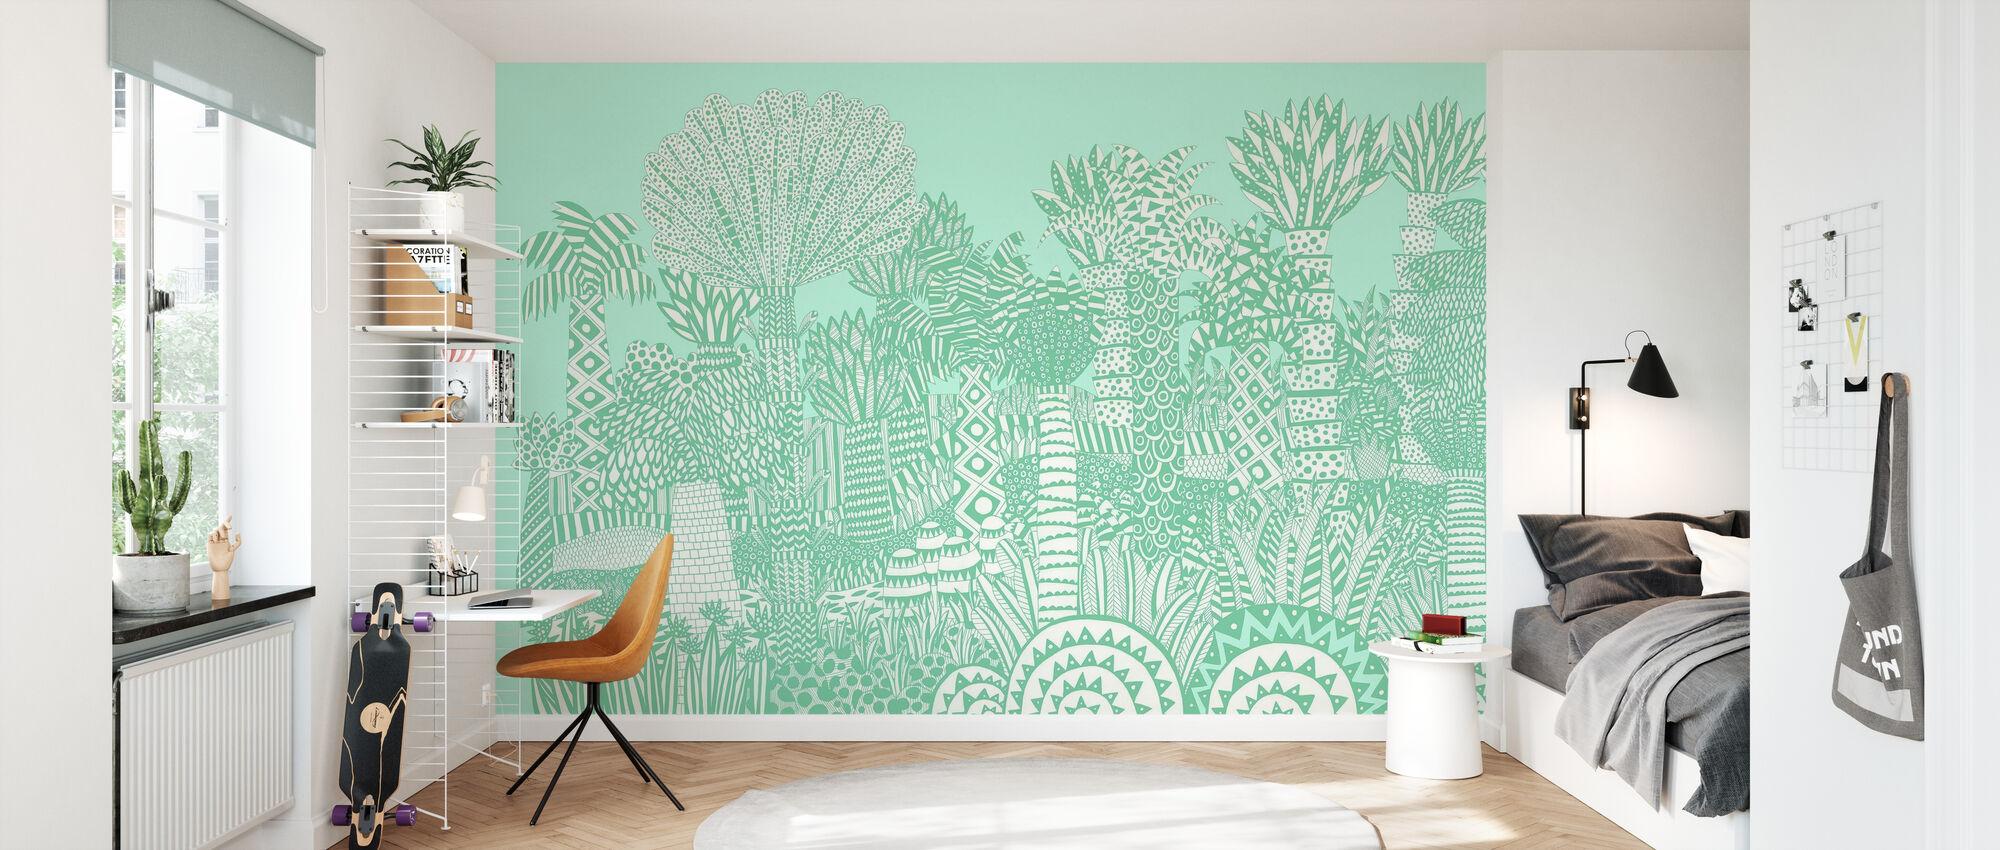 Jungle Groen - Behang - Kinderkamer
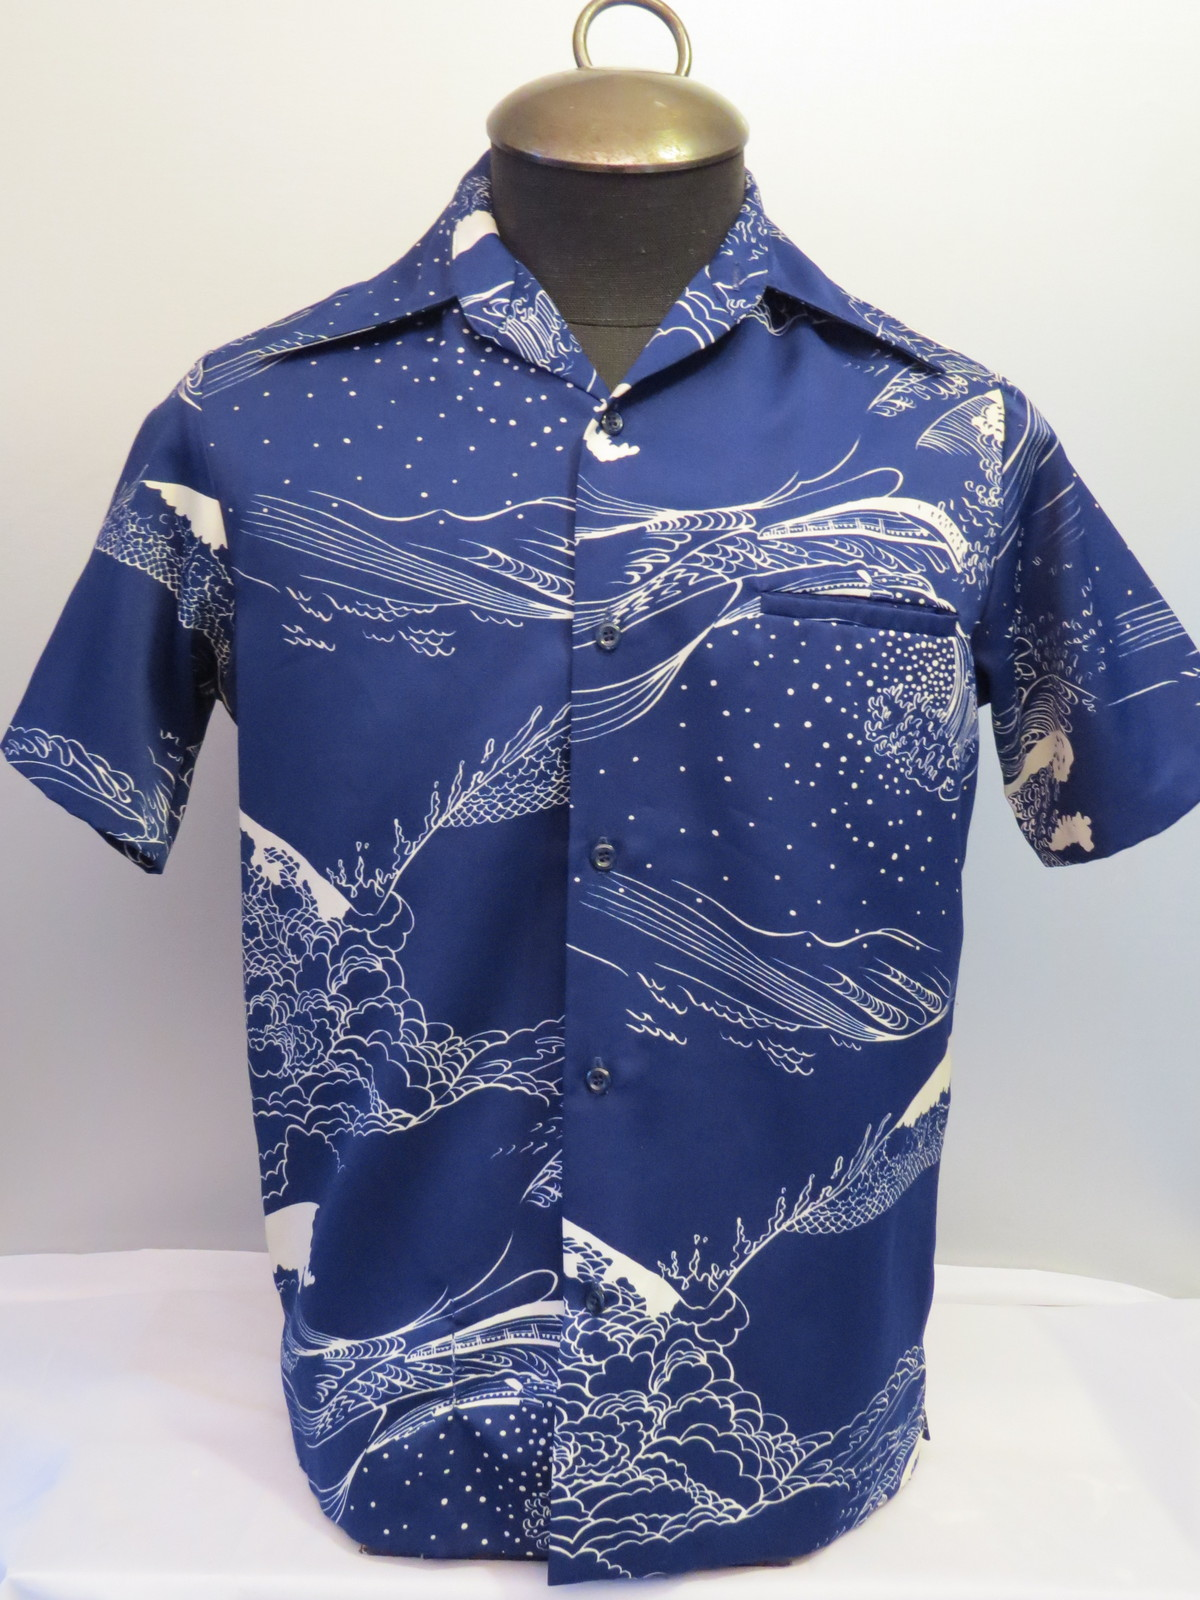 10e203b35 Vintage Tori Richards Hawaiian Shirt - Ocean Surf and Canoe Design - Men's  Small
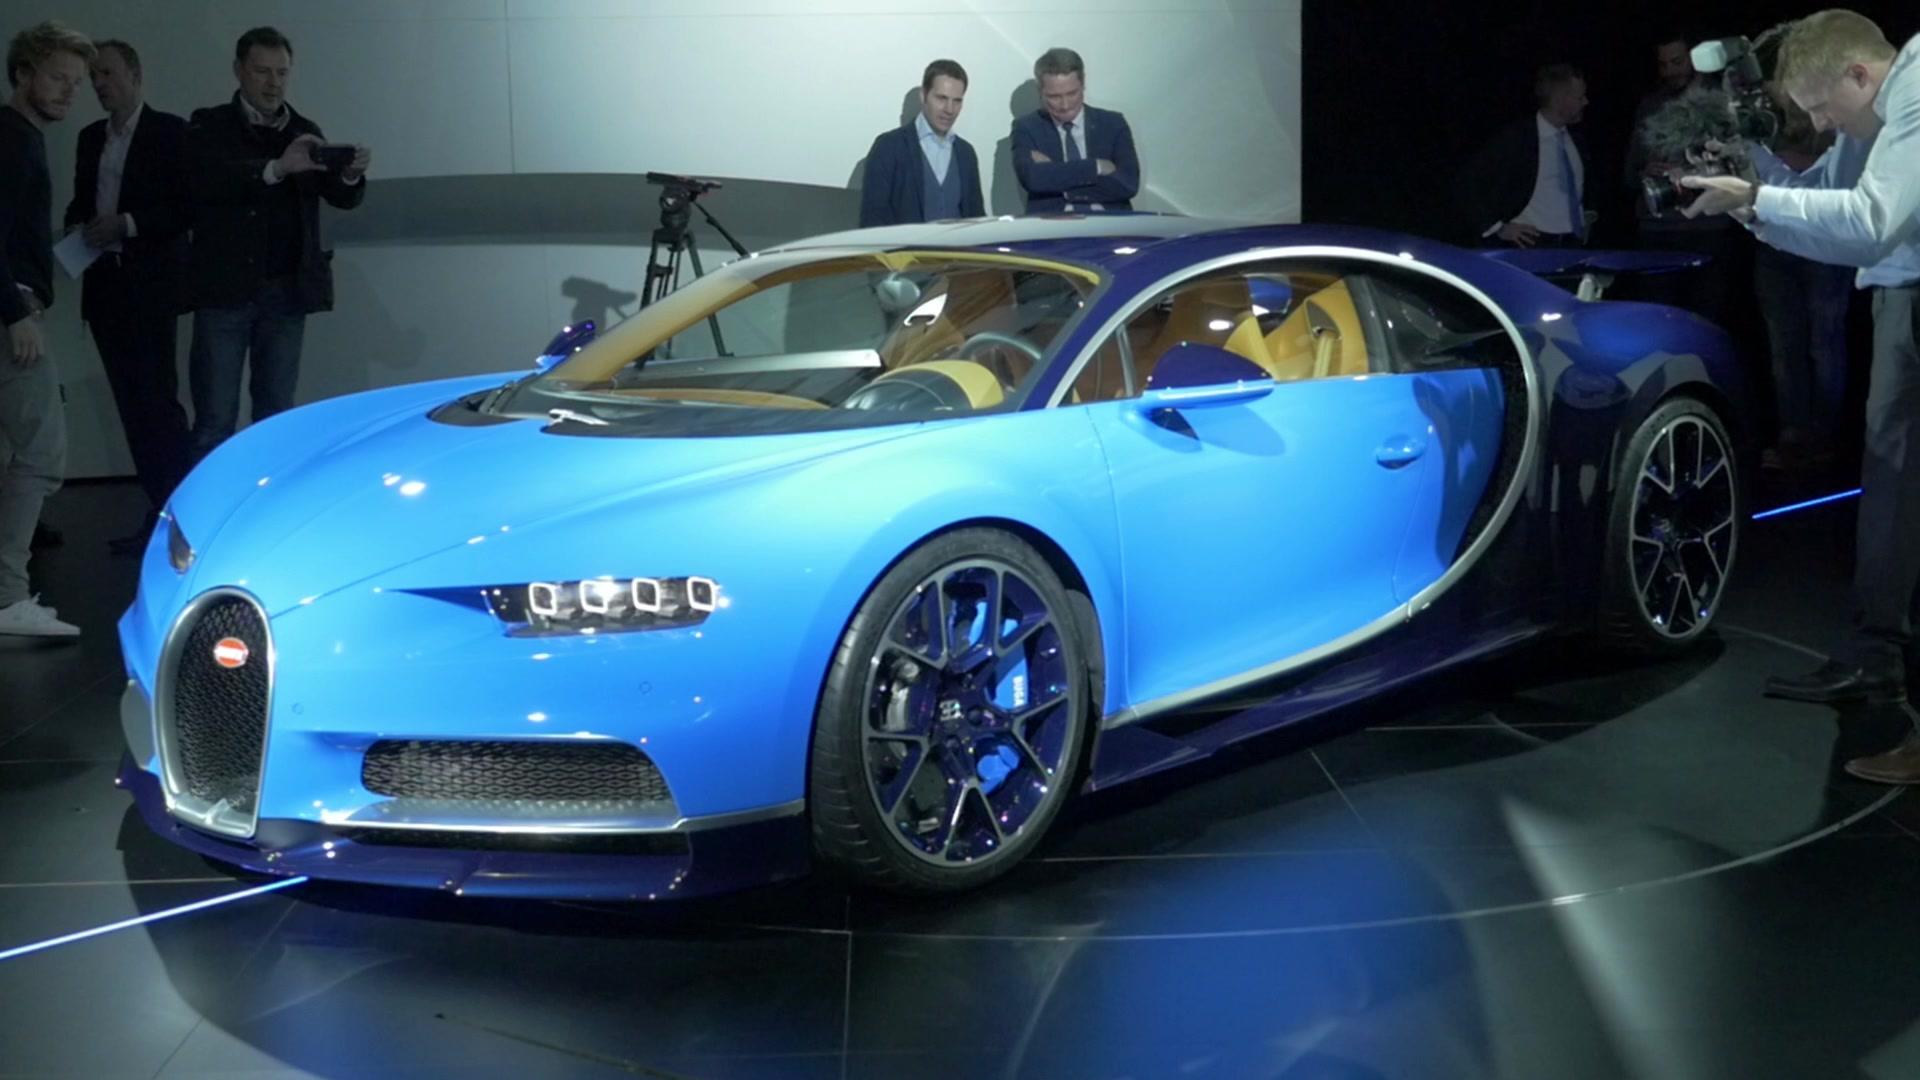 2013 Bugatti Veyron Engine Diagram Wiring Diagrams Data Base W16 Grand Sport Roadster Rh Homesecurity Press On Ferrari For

* **HOW TO COMPLETE THIS TASK**
Output each line of the listing above, word for word, from the one holding "10e203b35 Vintage Tori" through the last line, both included; omit the pictures.

* **EXERCISE RESULT**
 10e203b35 Vintage Tori Richards Hawaiian Shirt - Ocean Surf and Canoe Design - Men's  Small
 2013 Bugatti Veyron Engine Diagram Wiring Diagrams Data Base W16 Grand Sport Roadster Rh Homesecurity Press On Ferrari For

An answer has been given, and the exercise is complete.